But the wedding that I witnessed did not happen in any of the above special places. Instead it happened in one of our mundane Intensive Care Unit (ICU) room.

Yes, you read it right, a hospital ICU room.

At least the room has a big window with a view of an old nearby church. At least the room was warm and bright, as it was gloomy and cold outside in that wintry afternoon. Not to mention that it was a very expensive room to be in. A day’s stay in the ICU is far more costly than a night in Ritz-Carlton Hotel in New York City.

The groom’s mother had been sick for a while. She had been in and out of the hospital for several months for a variety of medical problems. And now she got seriously ill and had been lingering and languishing in our ICU for about a month.
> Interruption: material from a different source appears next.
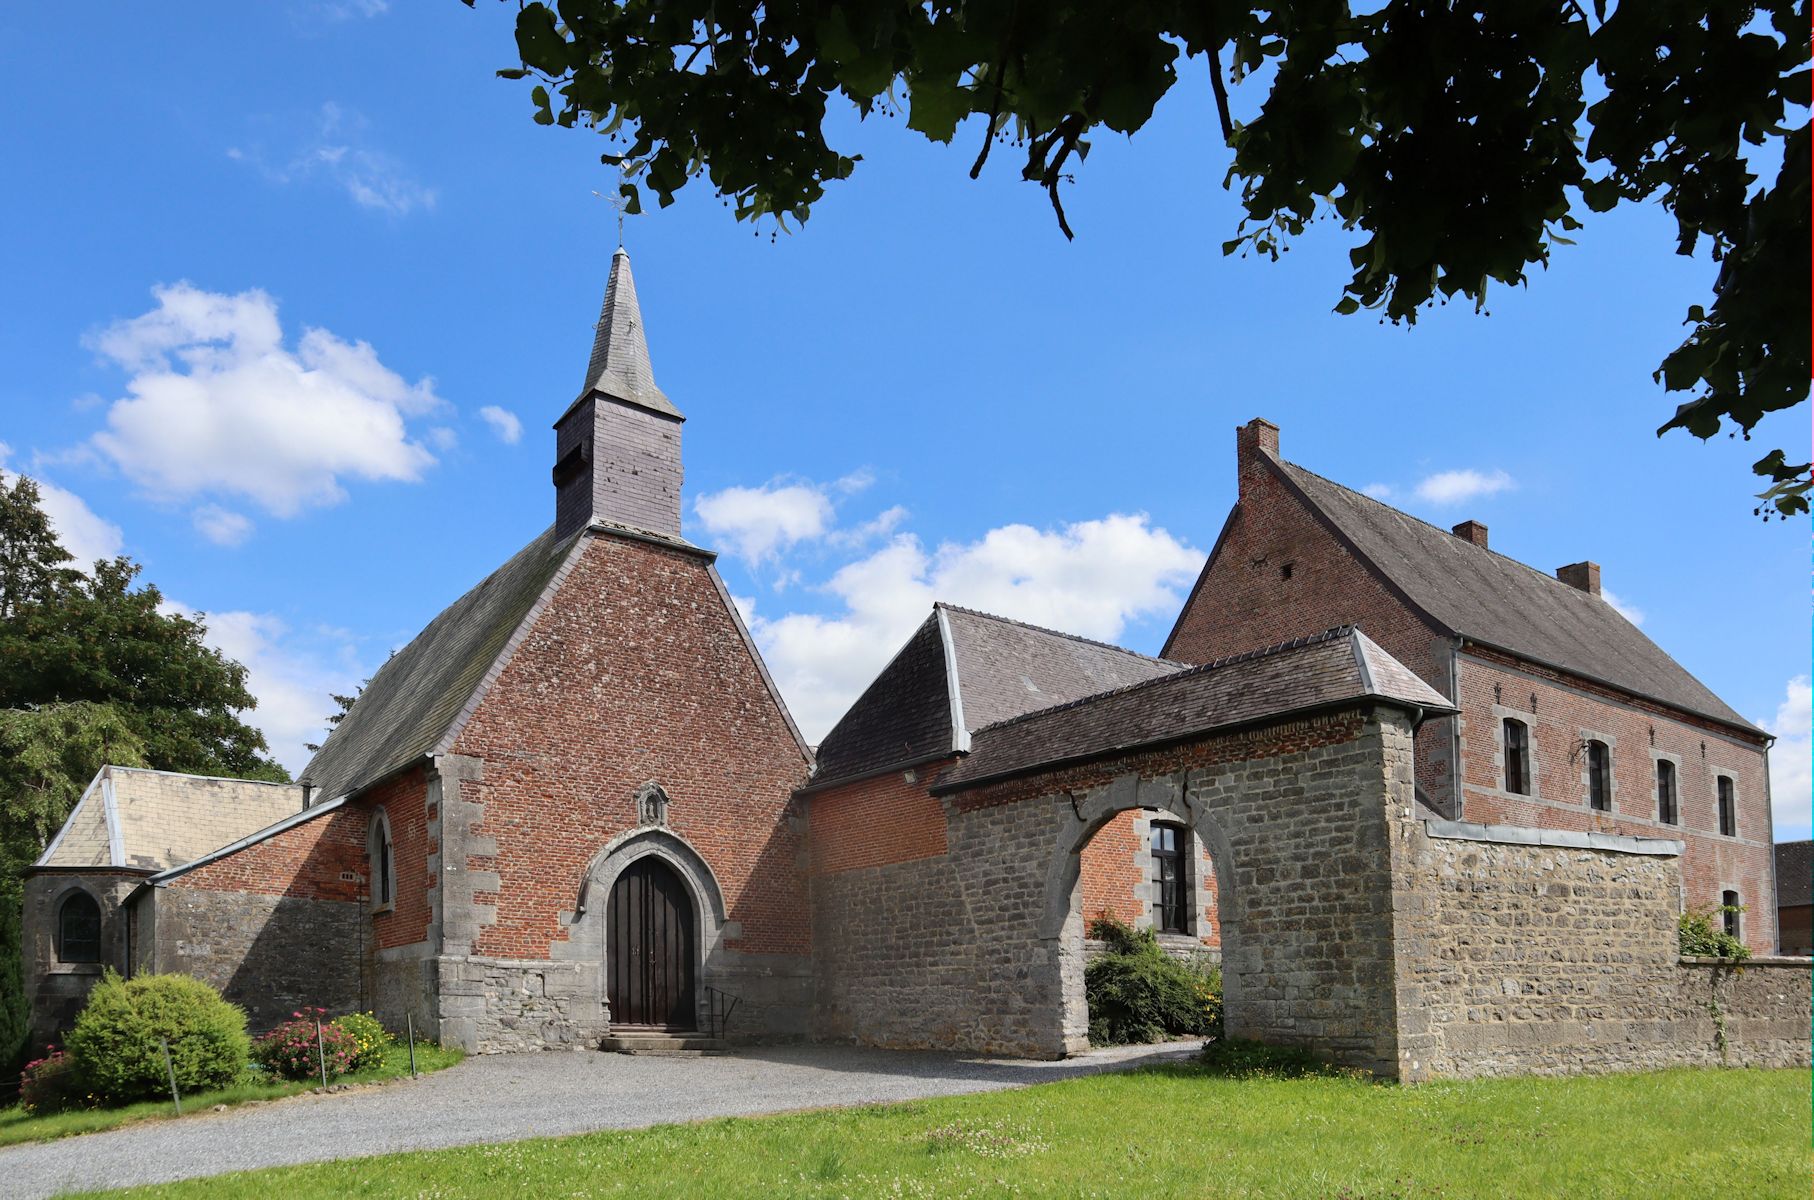 heutige Pfarrkirche St-Hilaire in Wallers-en-Fagne, heute bewohnt von Benediktinerinnen
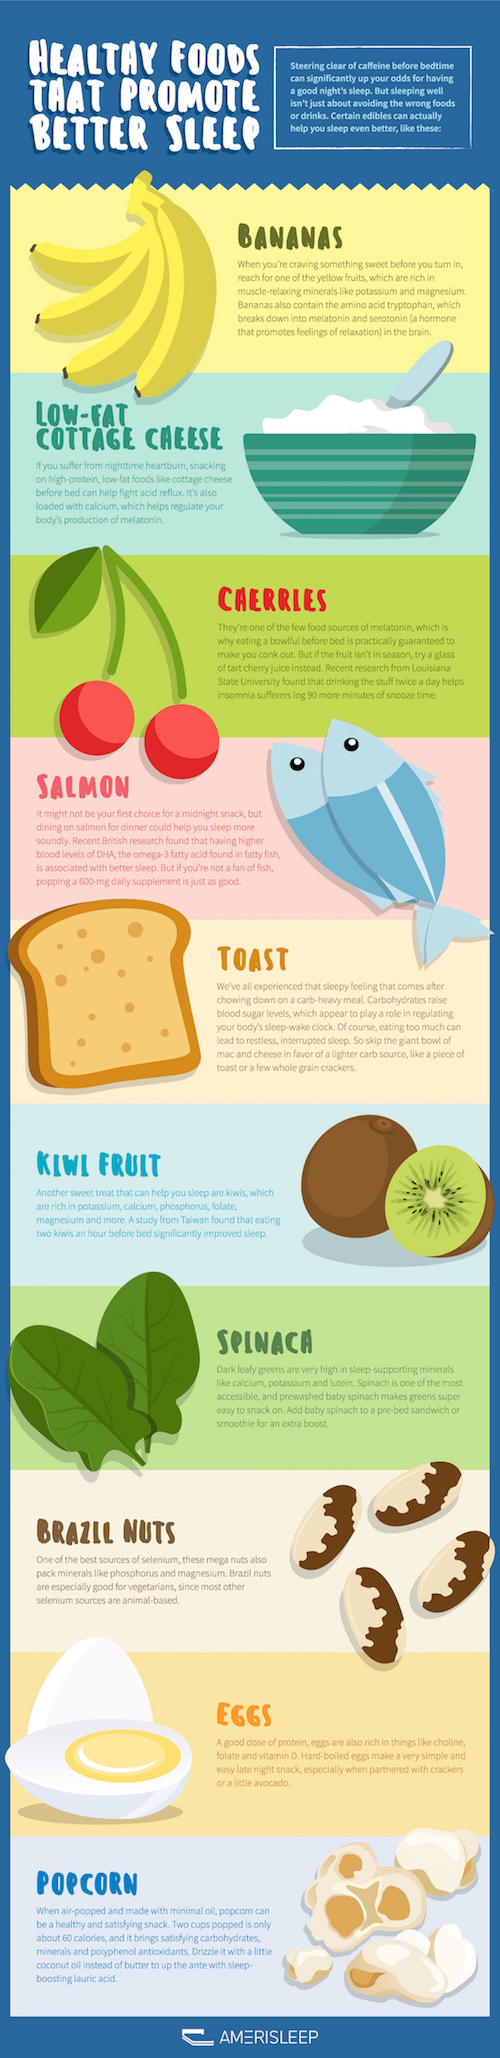 healthy foods that help promote sleep

She had been on mechanical ventilator and we were unable to get her weaned off of it.

The groom’s father had been sick as well. In fact, he was admitted also in the hospital and just got out a few days ago.

But the young couple wanted to commit to their vow to each other, whatever the circumstances may be. Perhaps they have been planning for their wedding for some time. The groom even came home from overseas where he was stationed. And I’m sure that the original plan was not to get married in a hospital. But you roll along with what life offers you. It must go on.

So in the presence of their parents and choice guests, in that cramped hospital room; there was no bright glare of church’s grand chandelier, but instead a glow of ICU floodlights; no wedding bells were ringing, instead intravenous pumps were alarming; no melodious birds were singing, instead the constant chirping of the ICU monitors; no sounds of ocean waves lapping on the sand, just the low hum of the ventilator: where the two lovers exchanged their sacred “I do’s.”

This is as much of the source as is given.